**Exercise**
In the records below, find the line containing "мечты по мотивам" and the line containing "Ironman Finanacial". Give again exactly those lines and every line between them, omitting the pictures.

**Material for this task**
::::::::

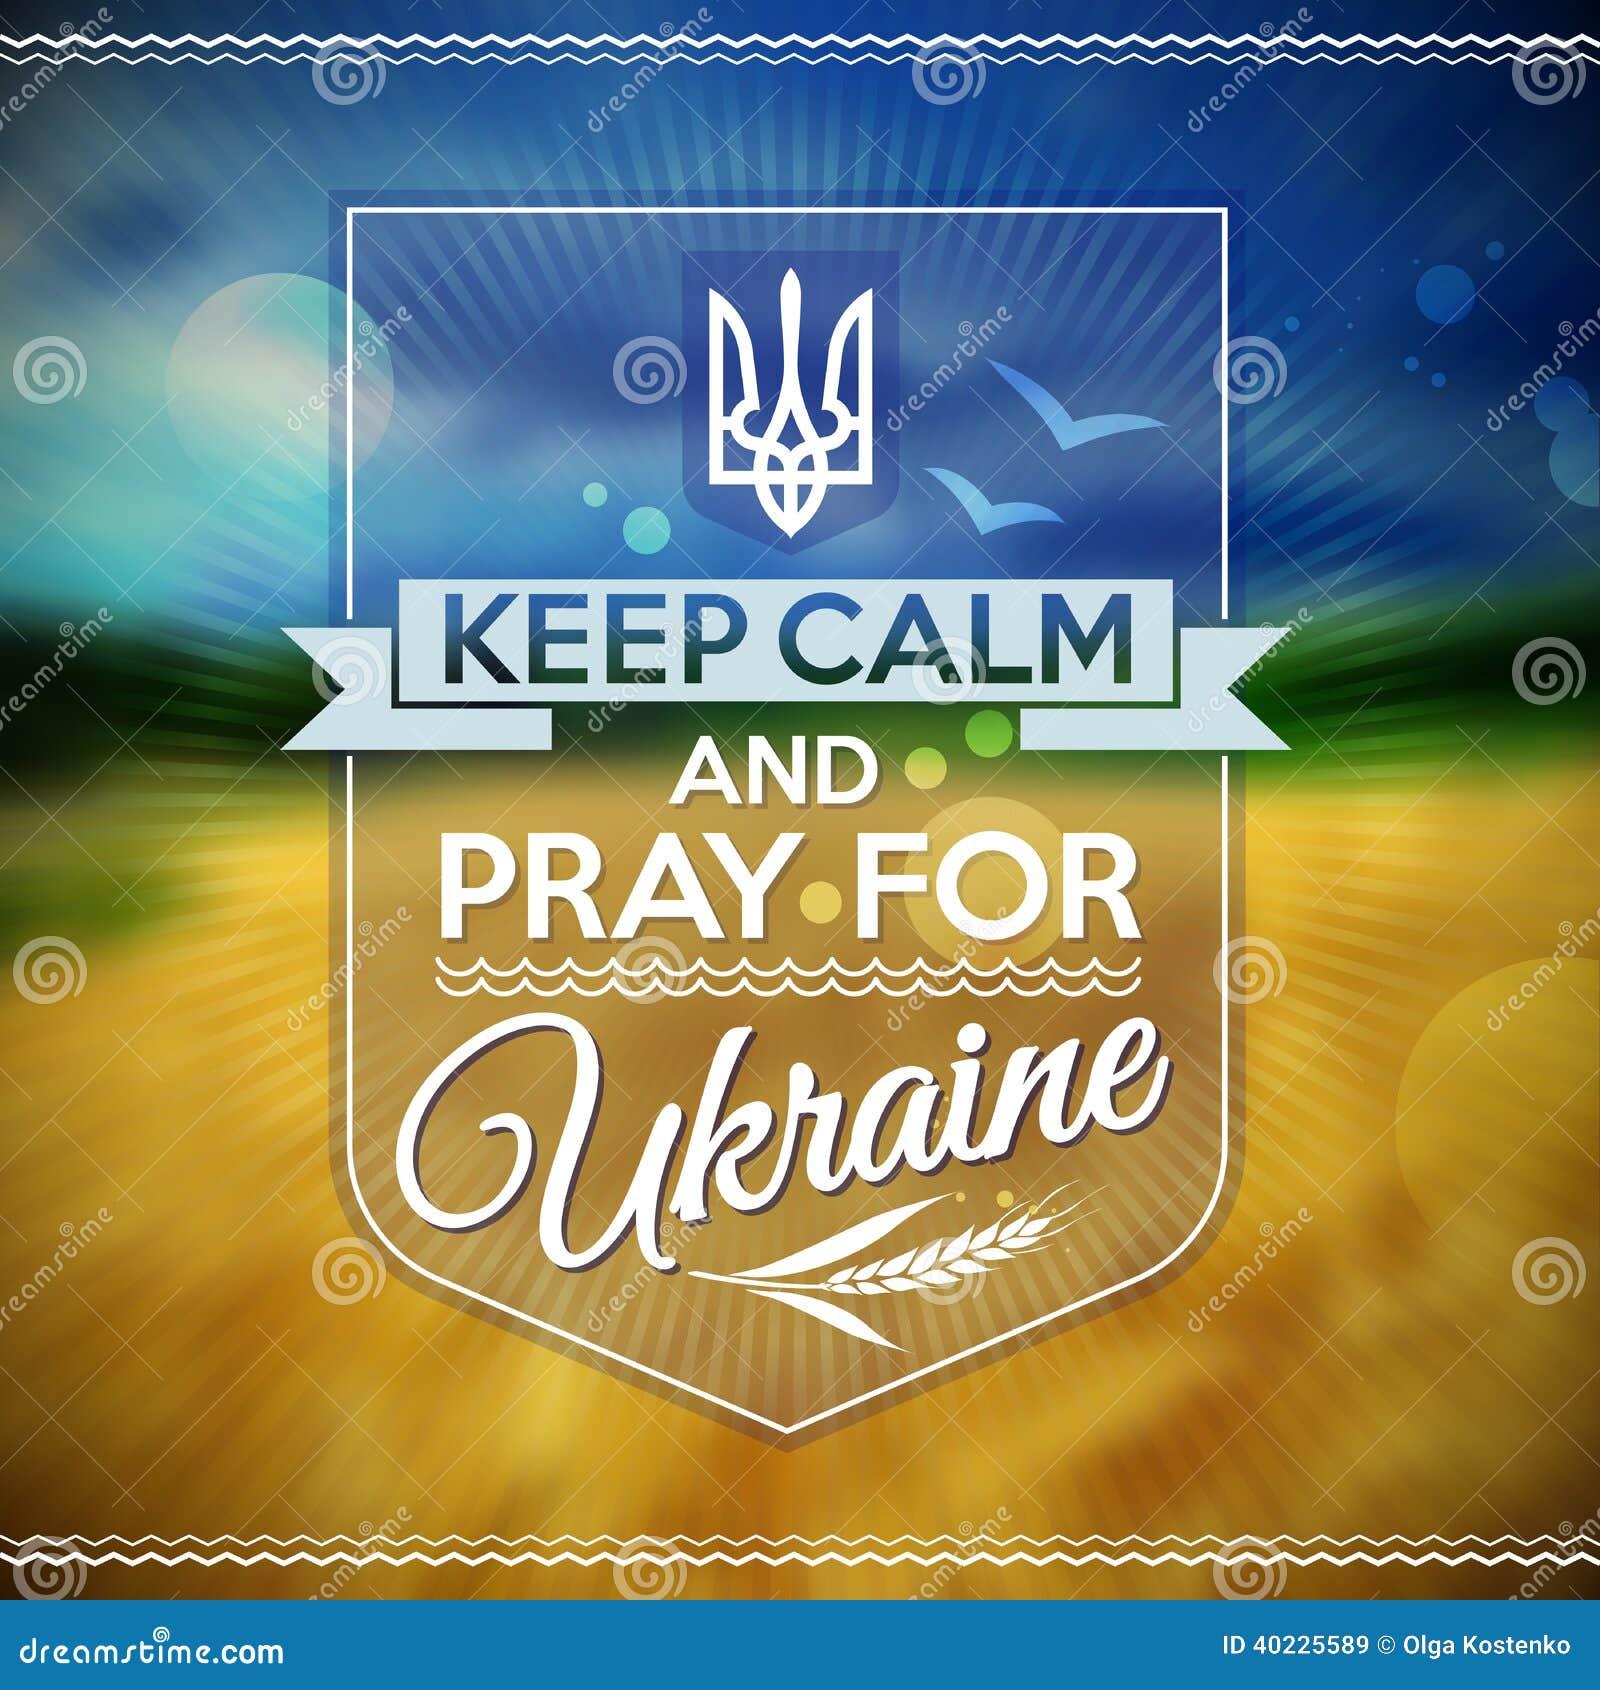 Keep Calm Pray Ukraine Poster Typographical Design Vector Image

::::::::

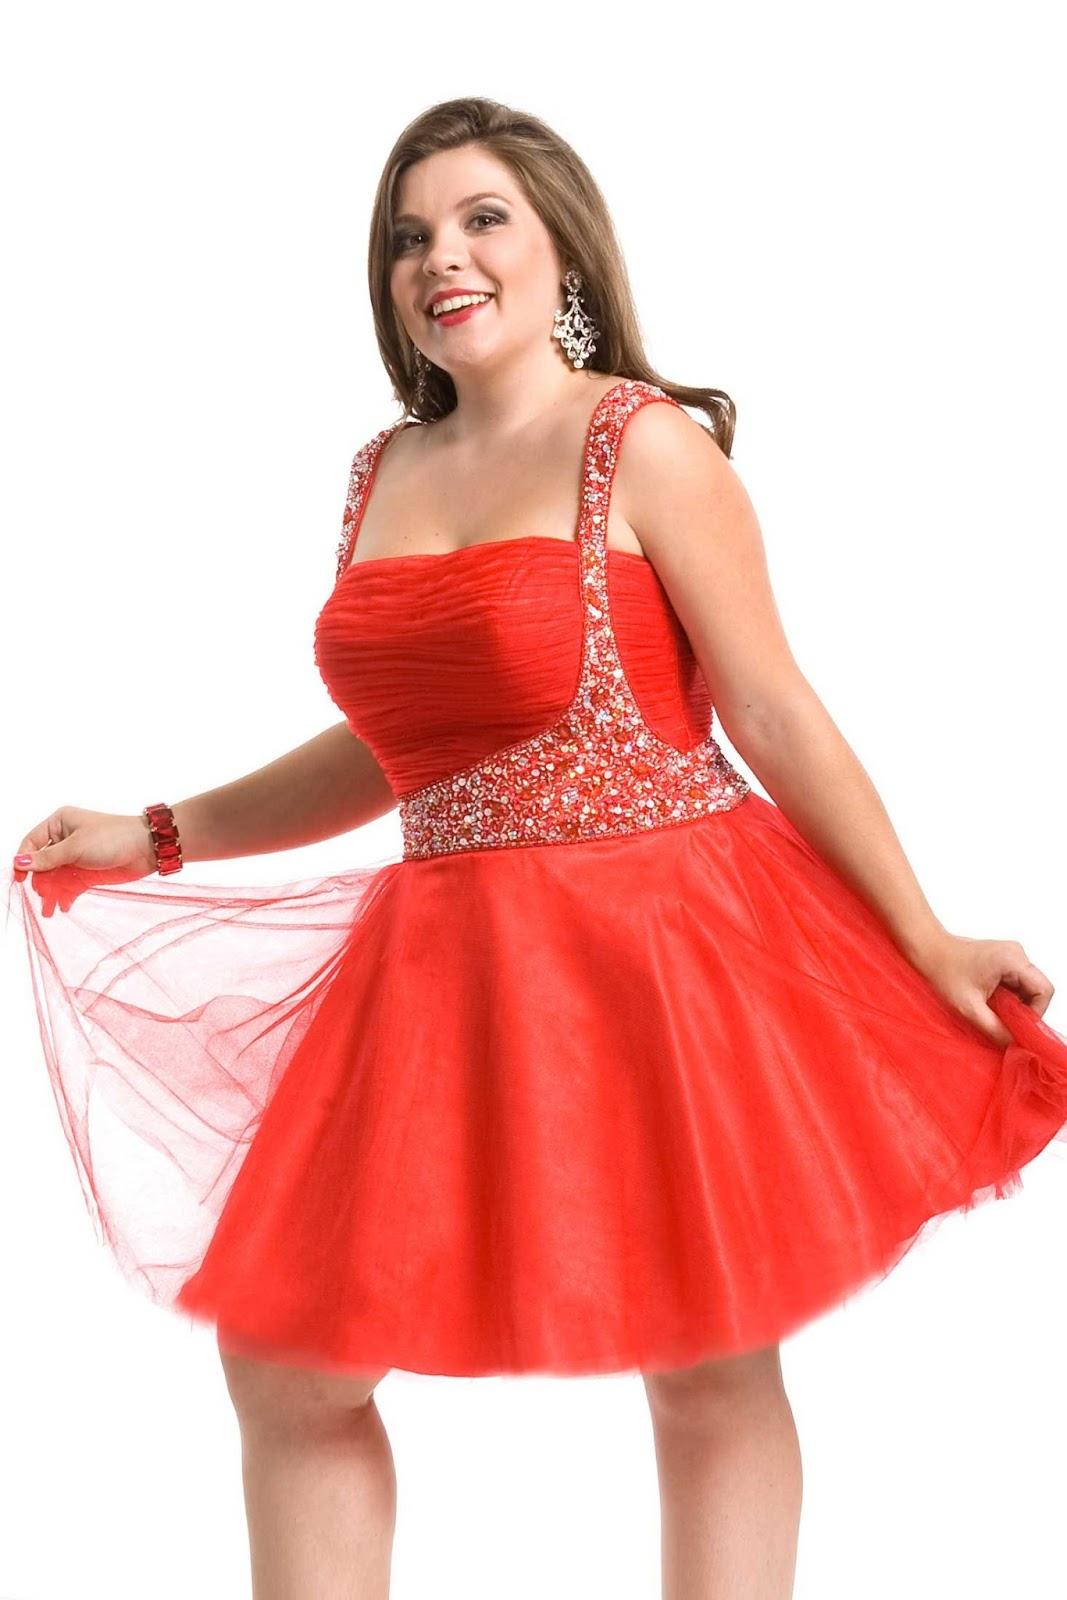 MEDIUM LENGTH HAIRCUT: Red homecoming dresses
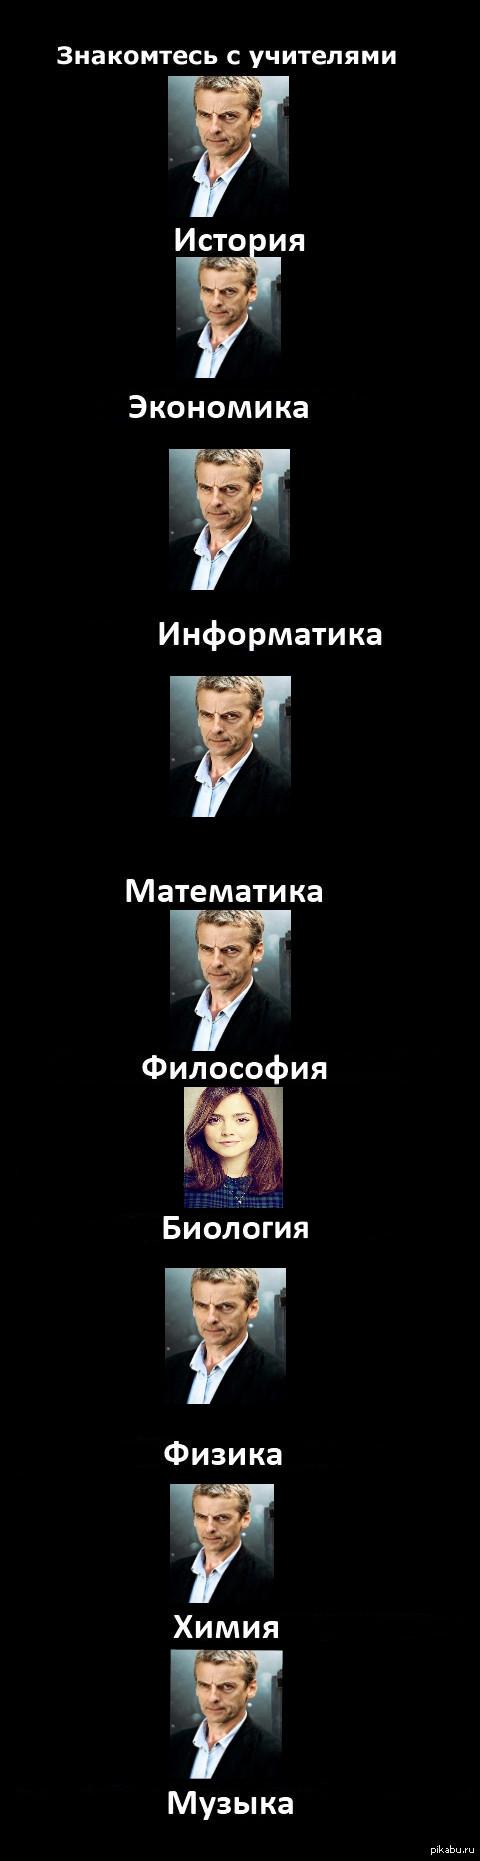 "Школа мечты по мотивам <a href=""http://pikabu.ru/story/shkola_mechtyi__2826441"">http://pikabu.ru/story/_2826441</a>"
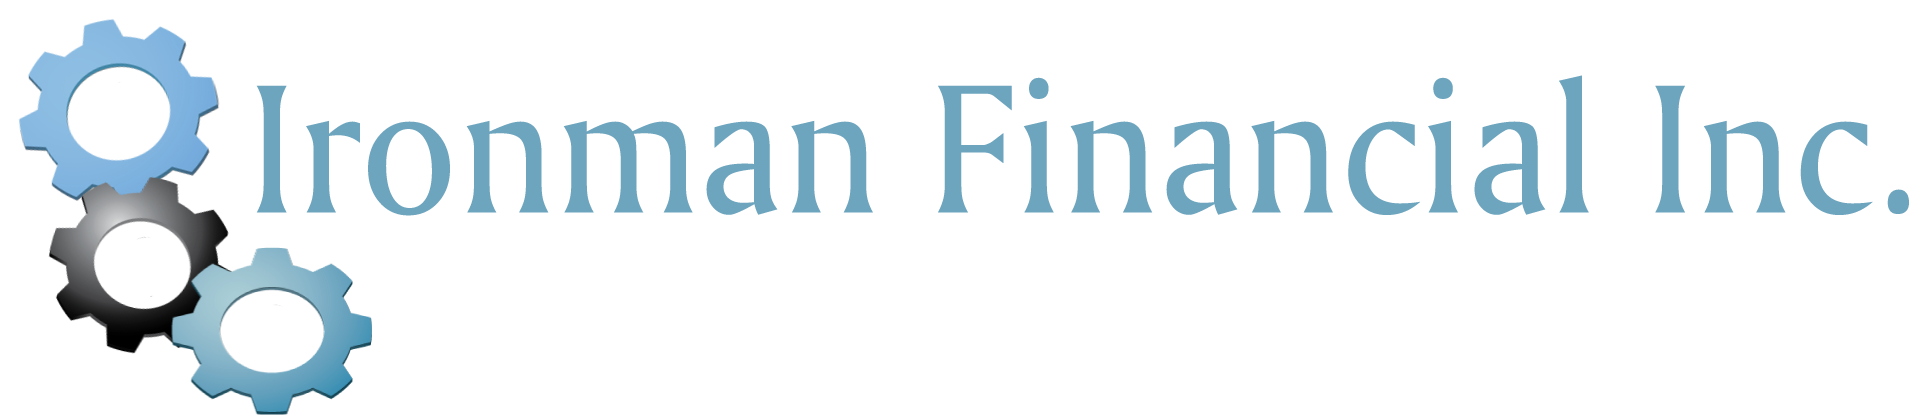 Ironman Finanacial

::::::::

**Solved exercise**
 "Школа мечты по мотивам <a href=""http://pikabu.ru/story/shkola_mechtyi__2826441"">http://pikabu.ru/story/_2826441</a>"
 Ironman Finanacial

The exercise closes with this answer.